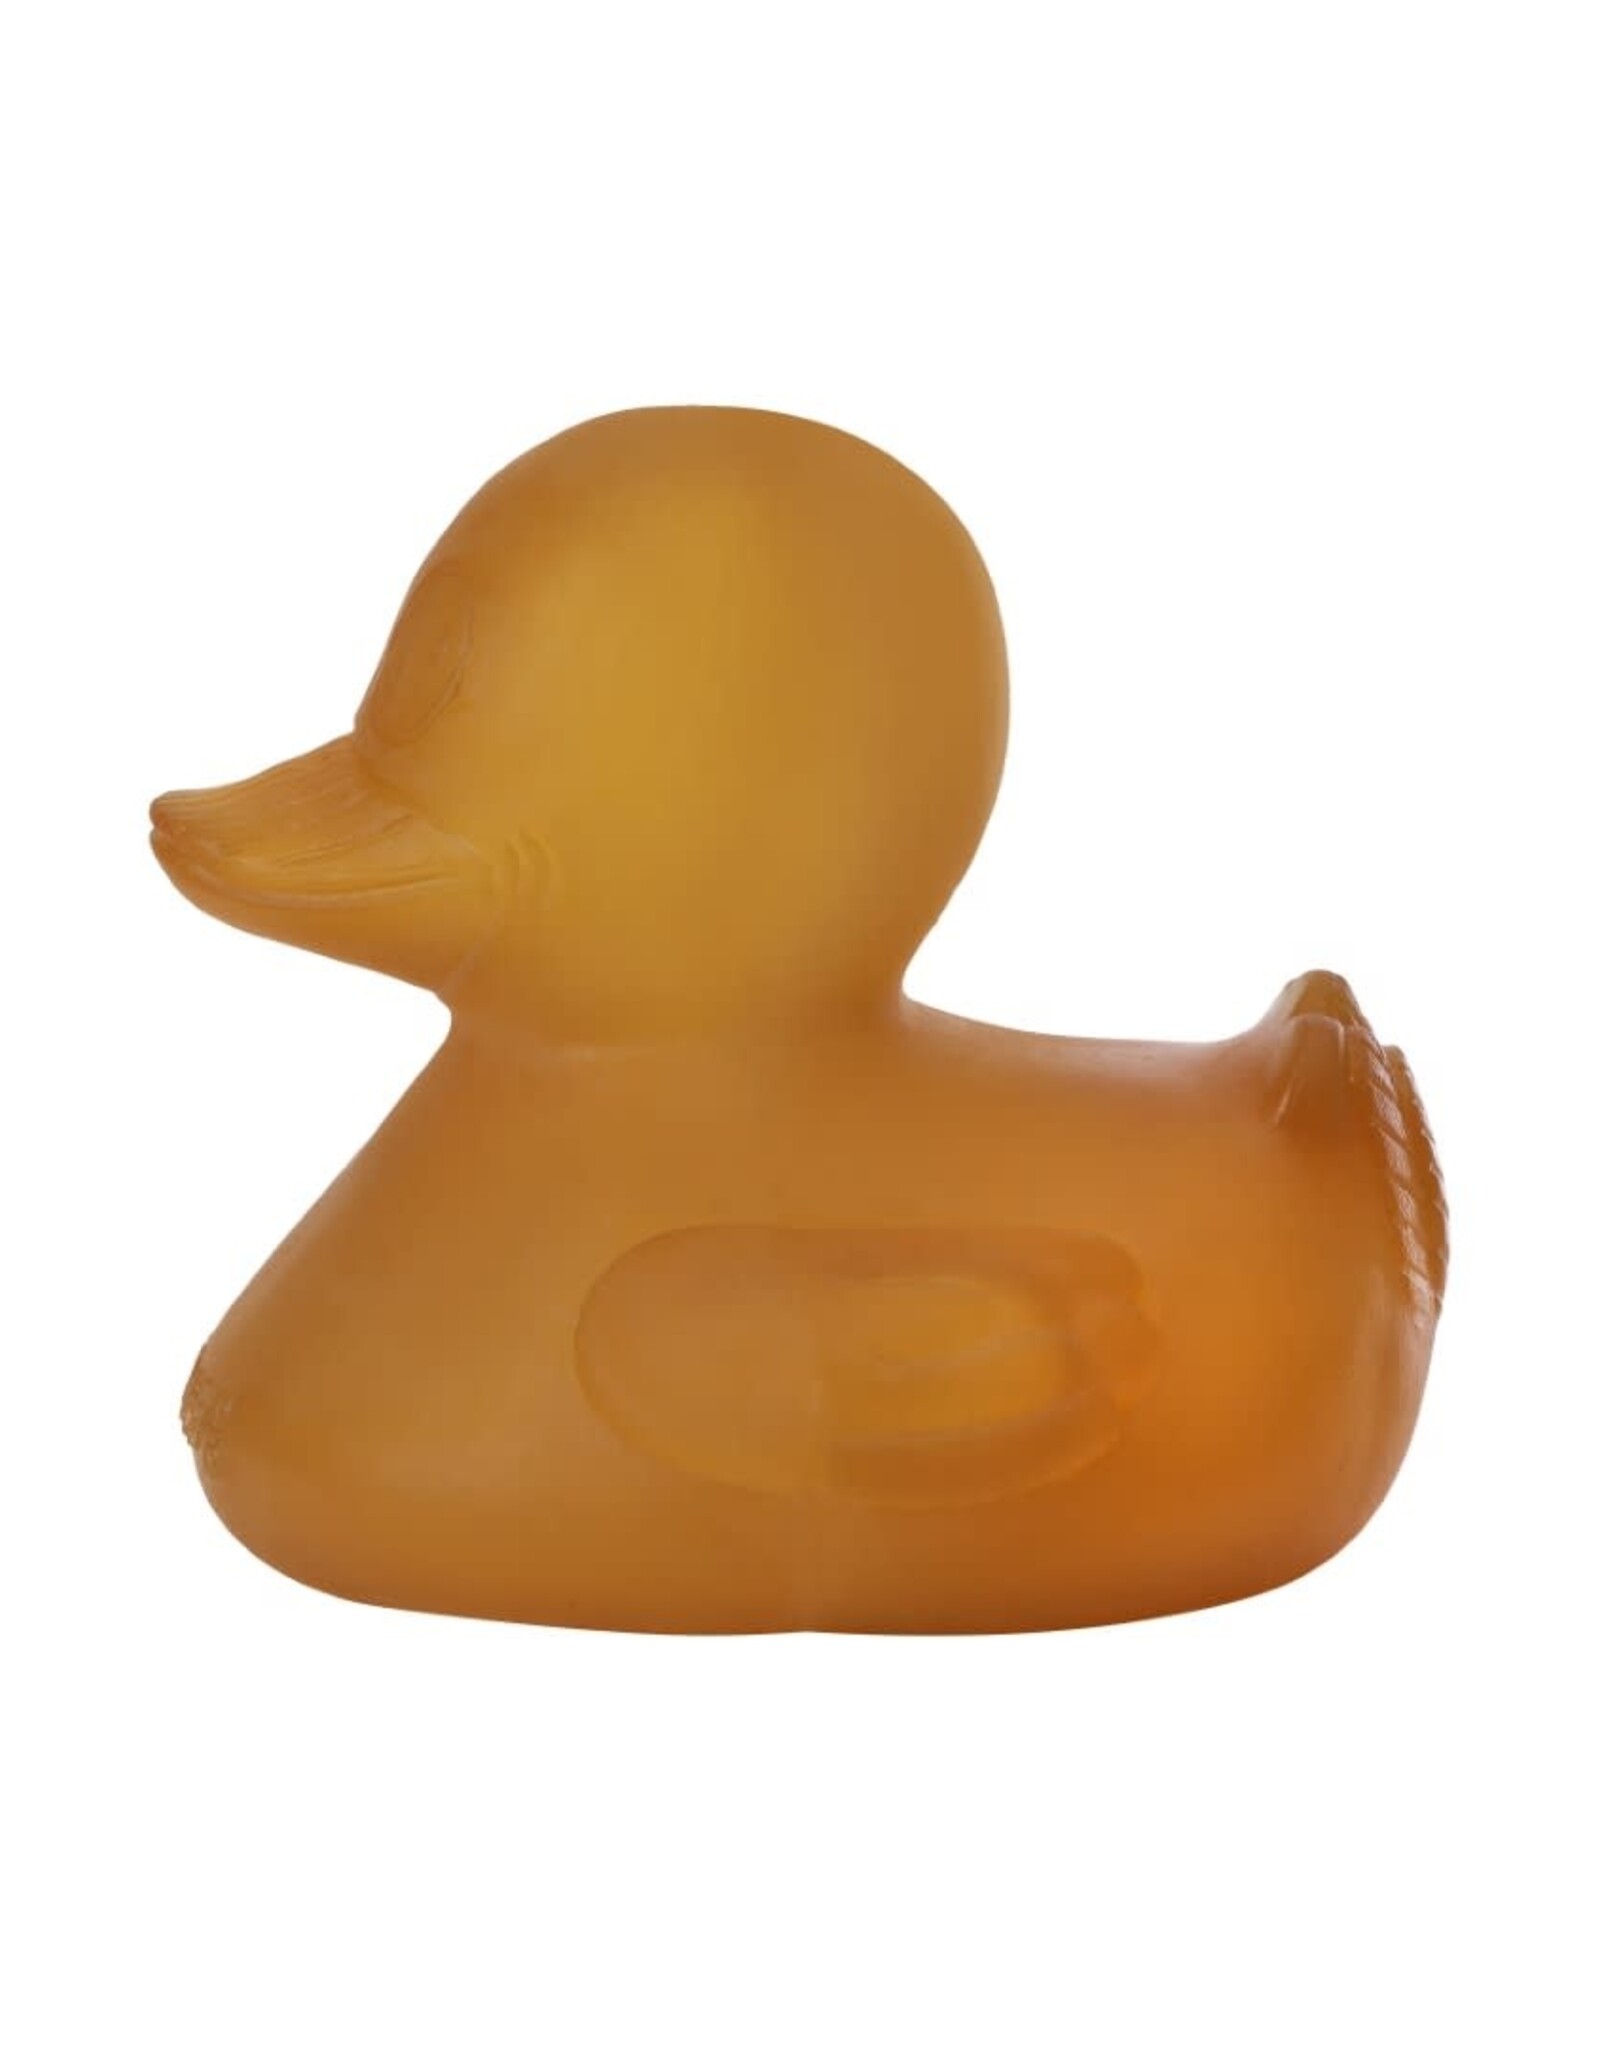 Hevea Duck Bath Toy
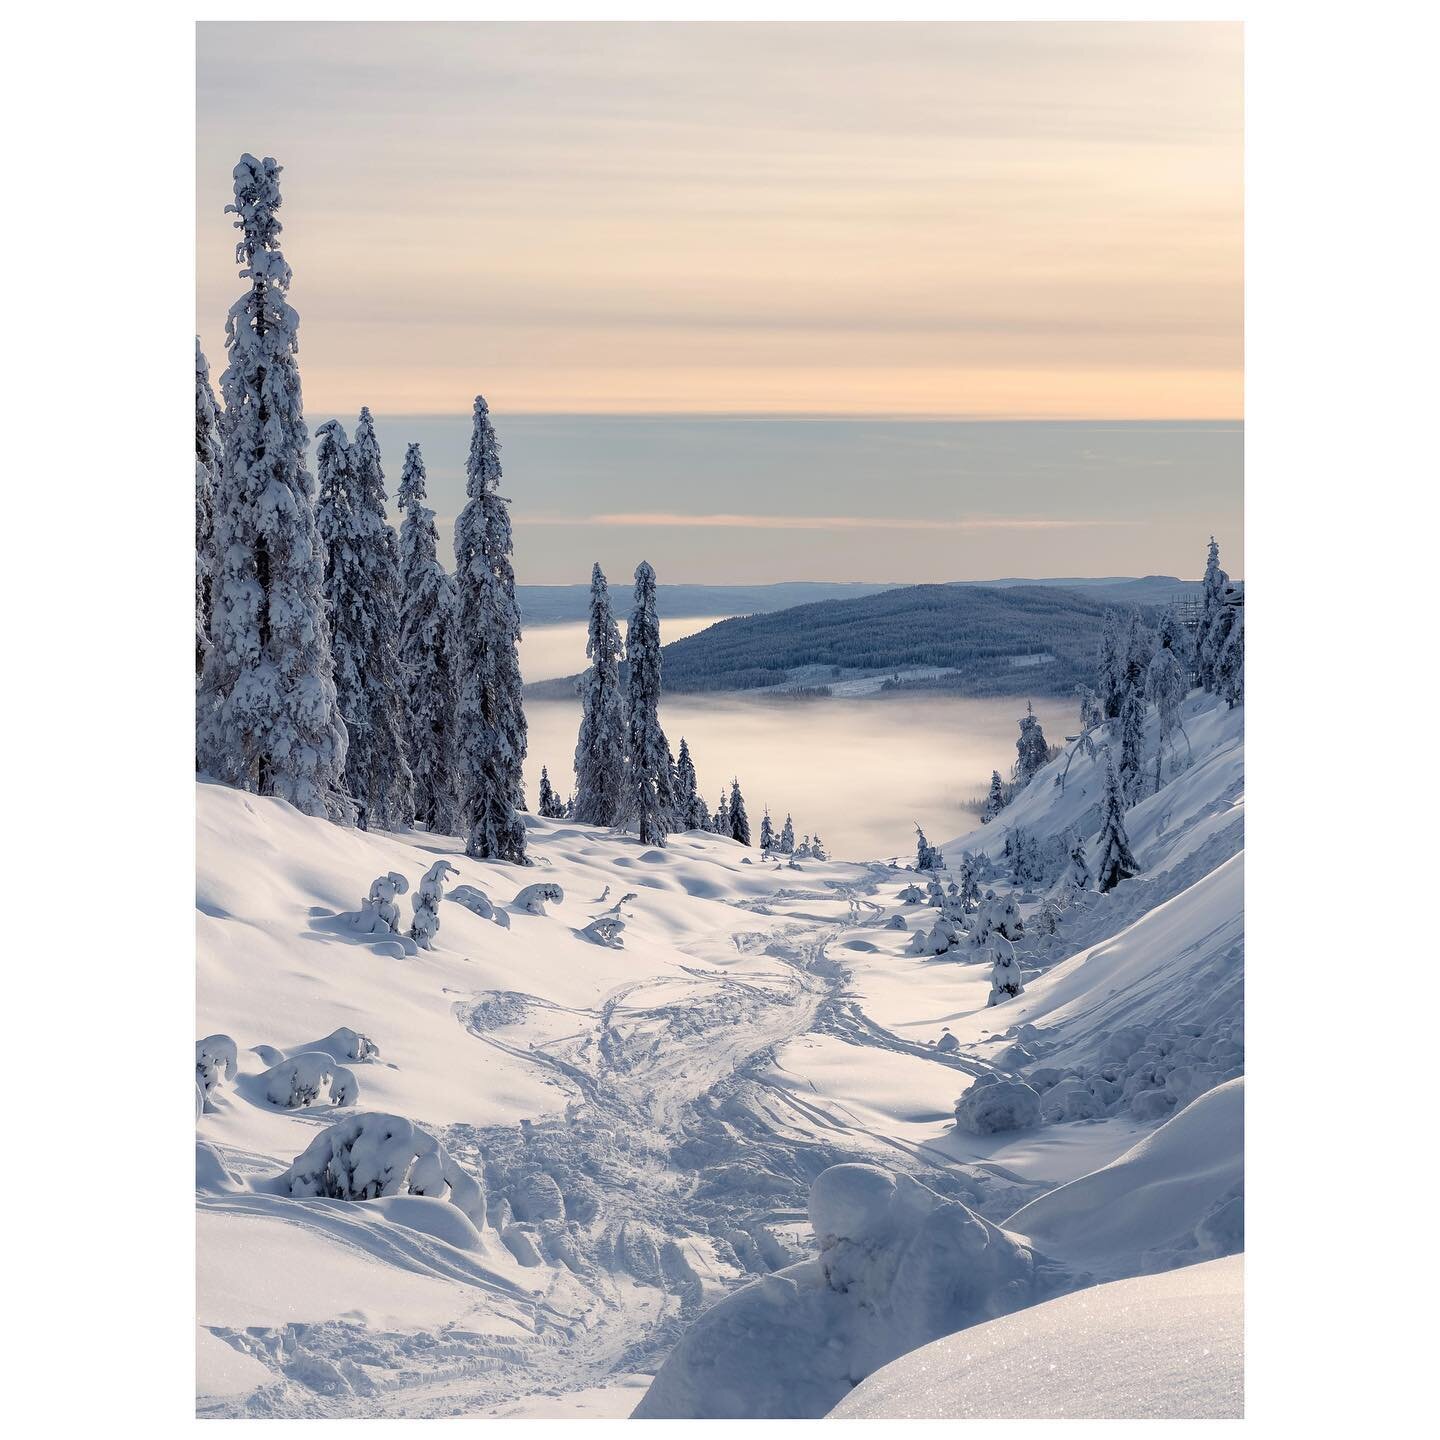 Off-piste

#shotoniphone #shotoniphone14promax #apple #offpiste #offpisteskiing #bran&auml;sberget #bran&auml;sskidort #visitv&auml;rmland #winterwonderland #landscapephotography #winterlandscape #snowpeak #visitsweden

- - - -

- _WHAT IS BEING ASKED_:
Set down all the lines above exactly as they appear, with no pictures.

- _RESULT_:
 Hevea Duck Bath Toy
 Off-piste

#shotoniphone #shotoniphone14promax #apple #offpiste #offpisteskiing #bran&auml;sberget #bran&auml;sskidort #visitv&auml;rmland #winterwonderland #landscapephotography #winterlandscape #snowpeak #visitsweden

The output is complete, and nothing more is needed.